■ **WORK ITEM**
I need the lines from the one holding "Na stole leżą" to the last line of the data below repeated exactly, both included, without pictures.

■ **STORED DATA**
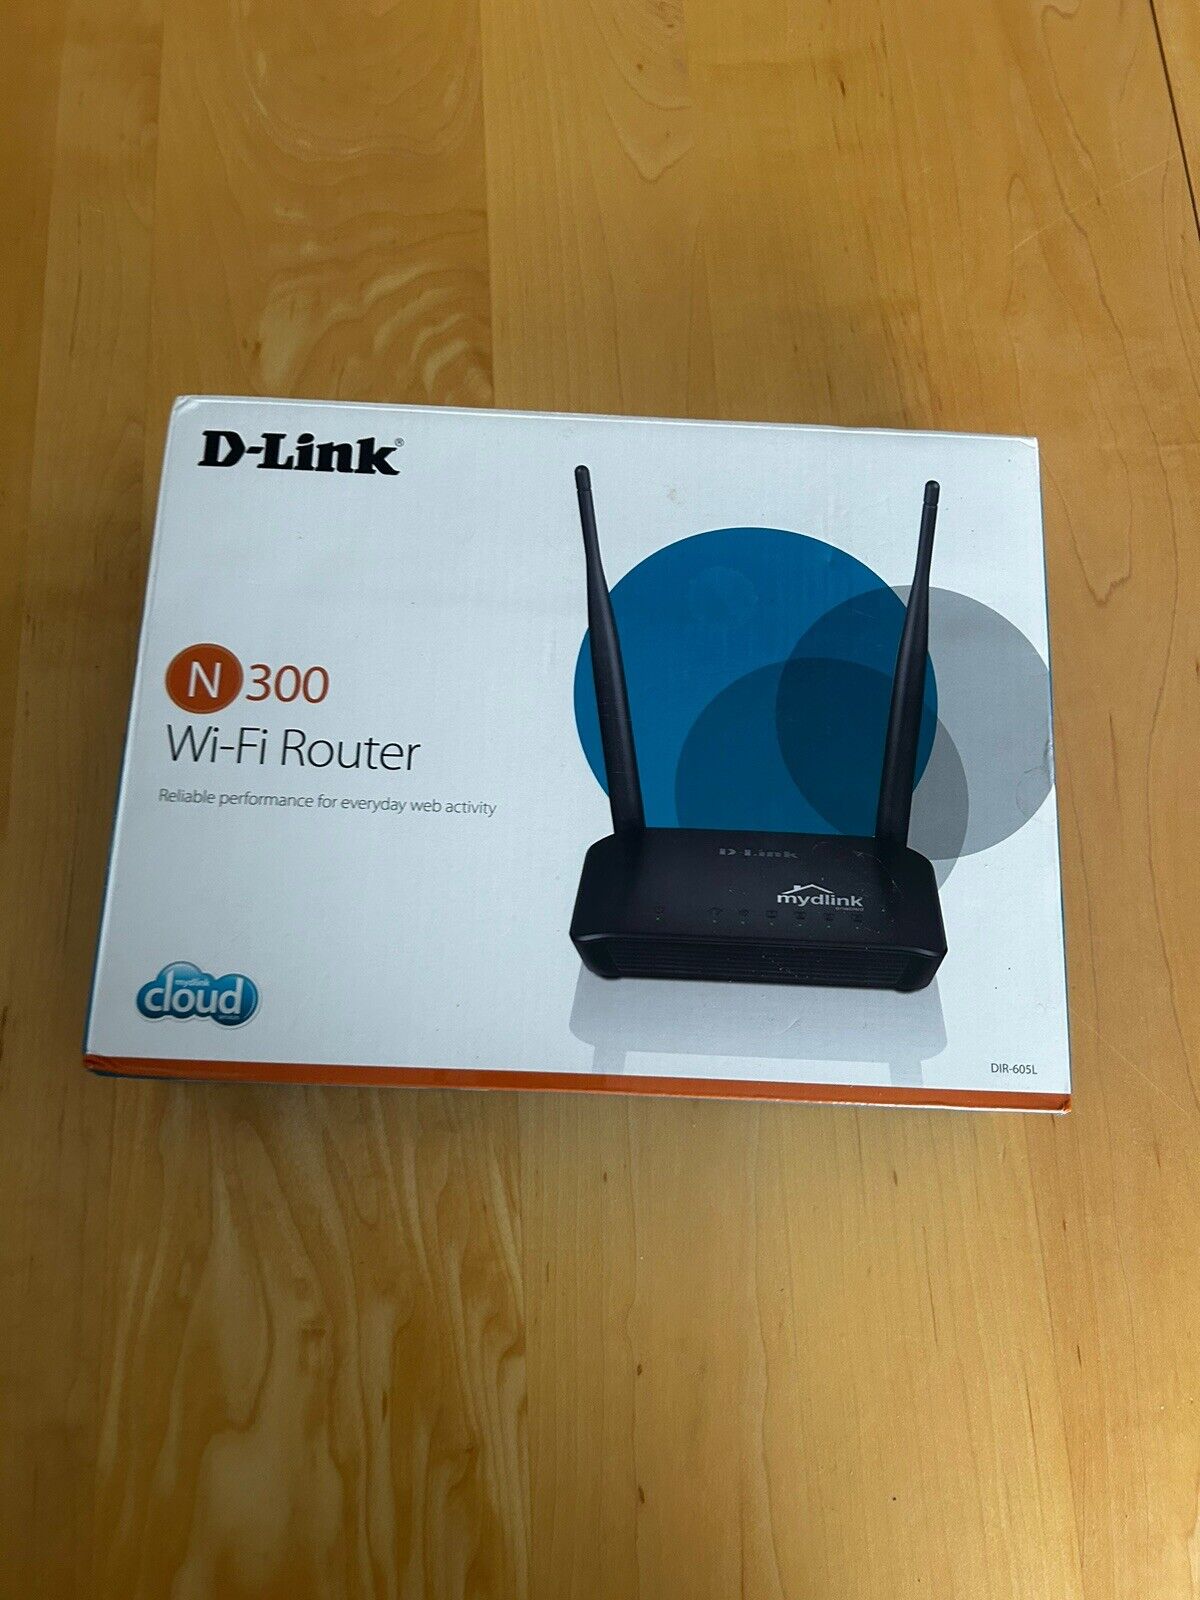 D-Link DIR-605L 300Mbps 4-Port N300 Wireless Cloud Router 
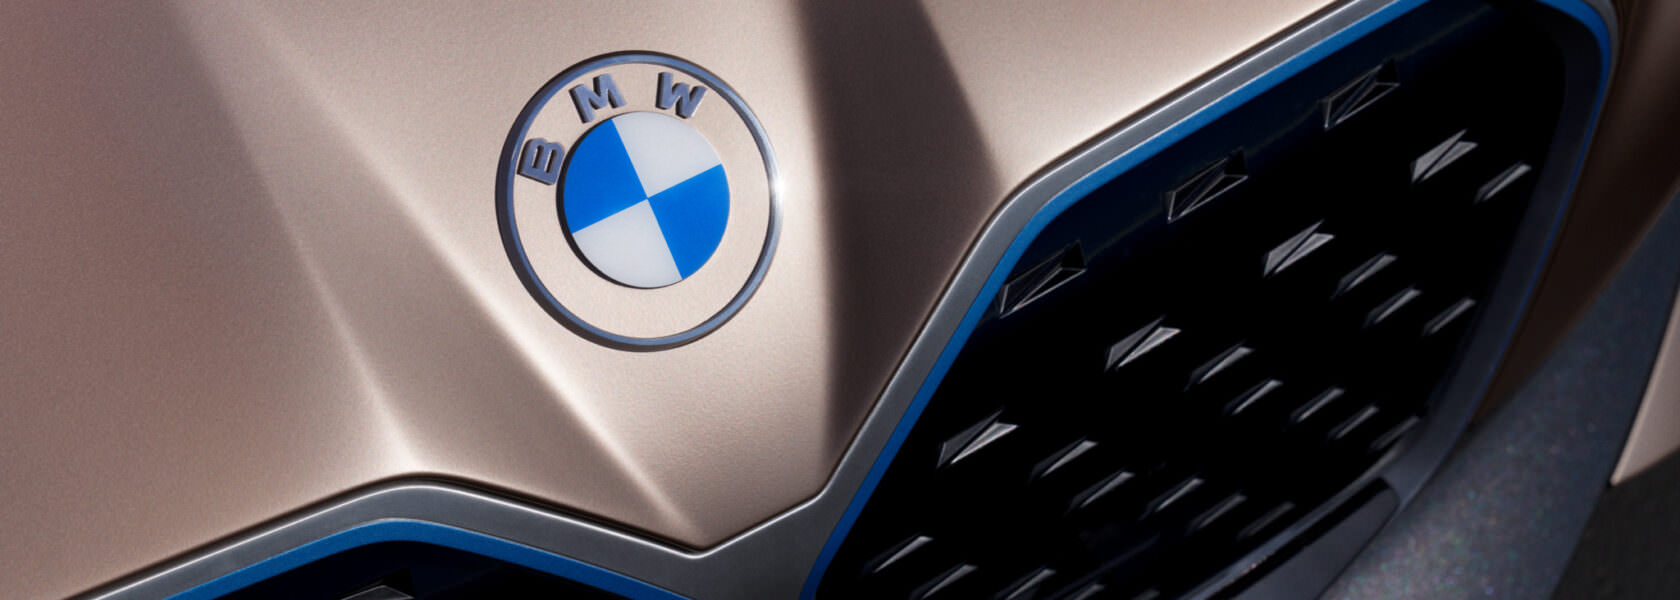 BMW Concept i4 2020
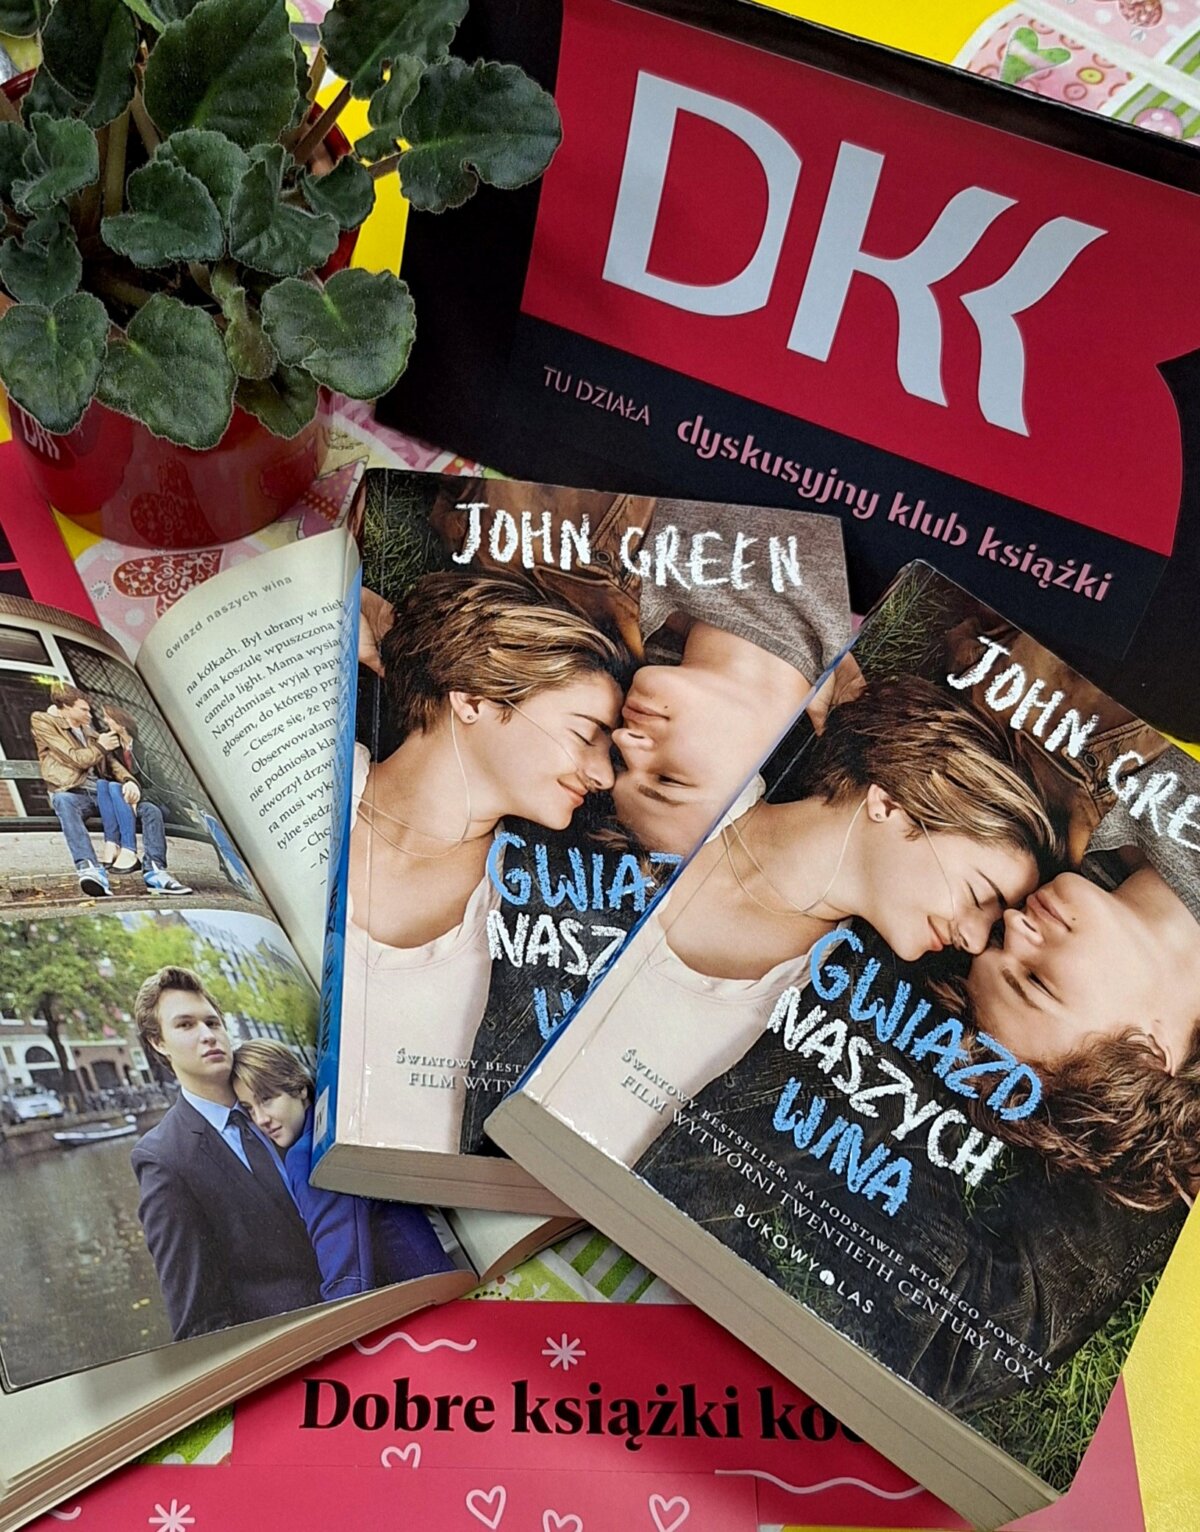 Na stole leżą 3 książki „Gwiazd naszych wina”, jedna jest otwarta na stronie z kadrami z filmu. Powyżej książek znajduje się tabliczka z logo DKK, a pod spodem zakładki do książek.
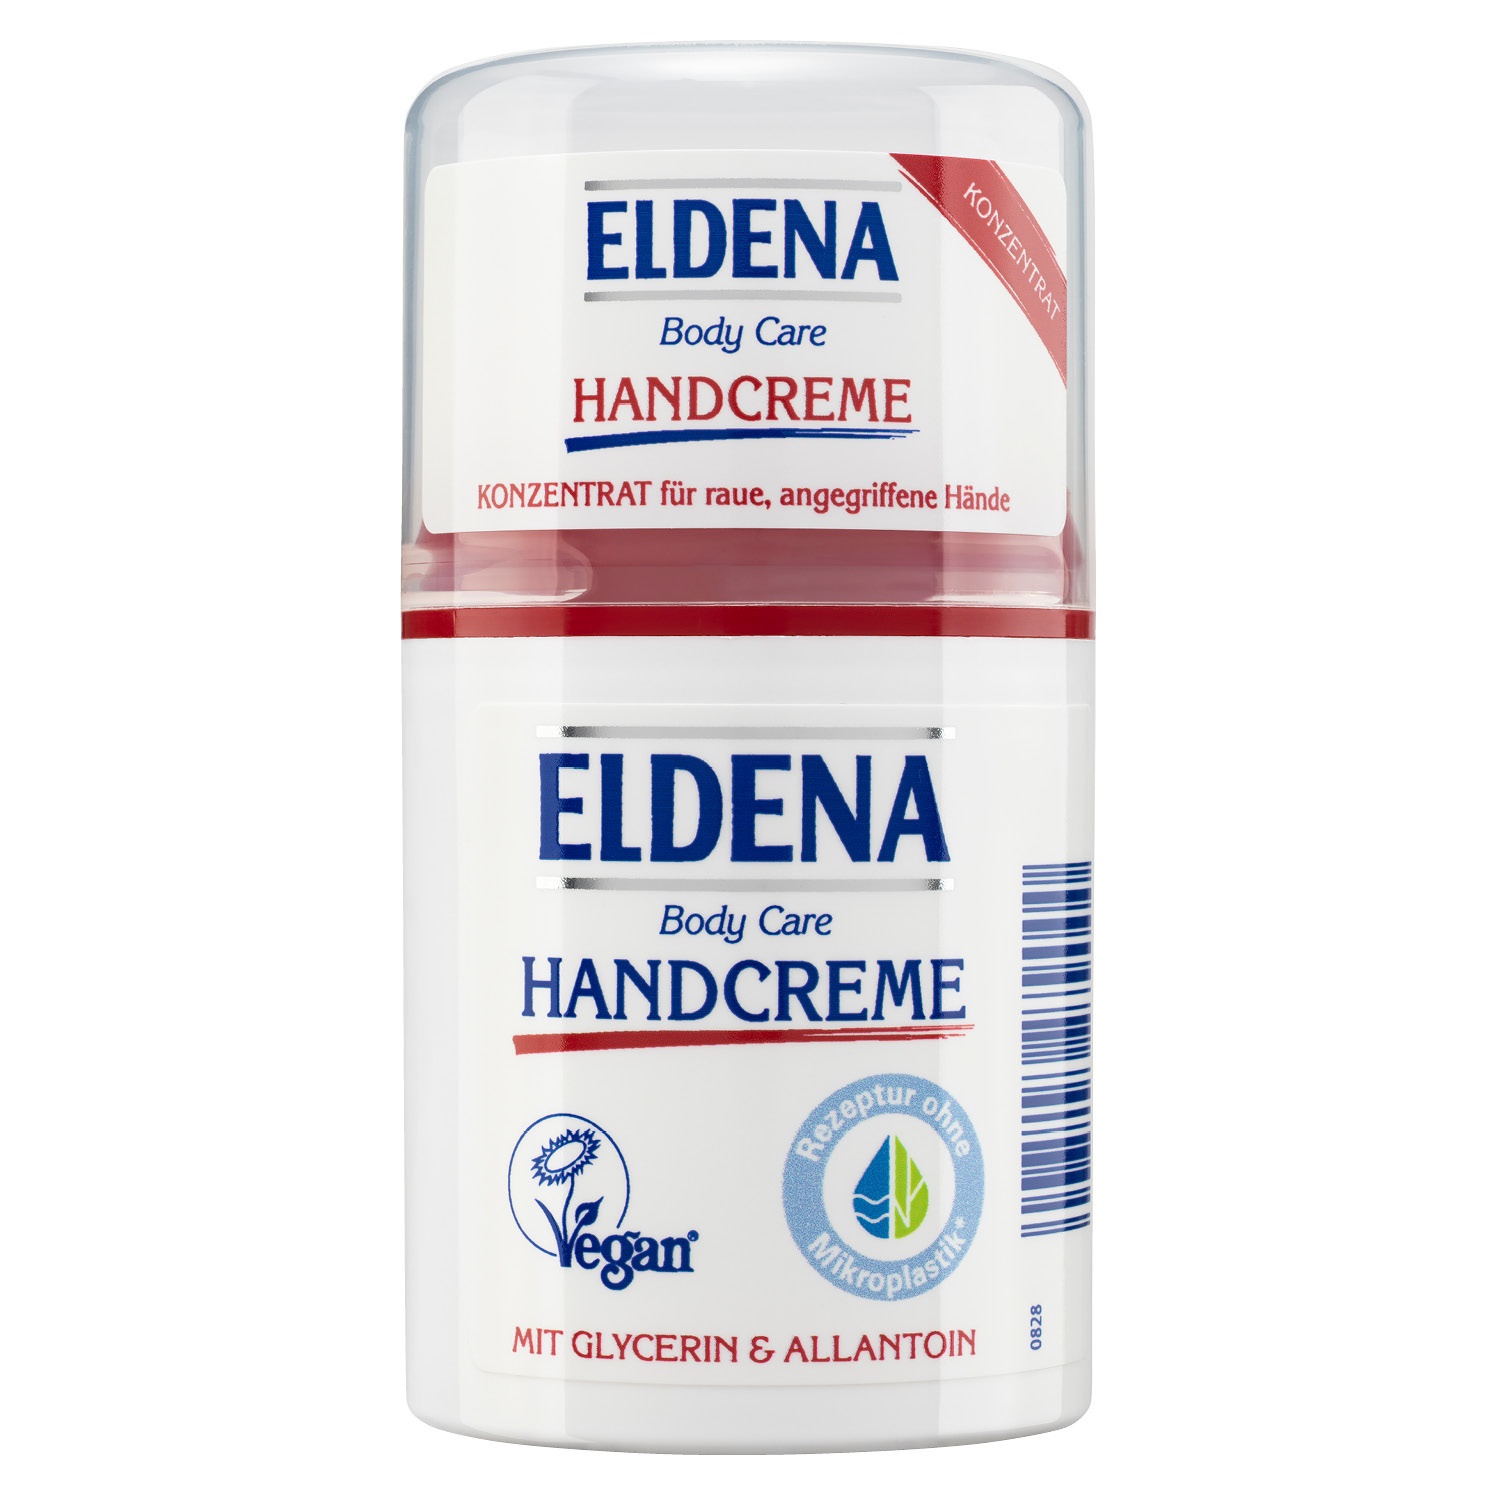 ELDENA Handcreme/Konzentrat 50 ml

■ **RESPONSE BOX**
 Na stole leżą 3 książki „Gwiazd naszych wina”, jedna jest otwarta na stronie z kadrami z filmu. Powyżej książek znajduje się tabliczka z logo DKK, a pod spodem zakładki do książek.
 ELDENA Handcreme/Konzentrat 50 ml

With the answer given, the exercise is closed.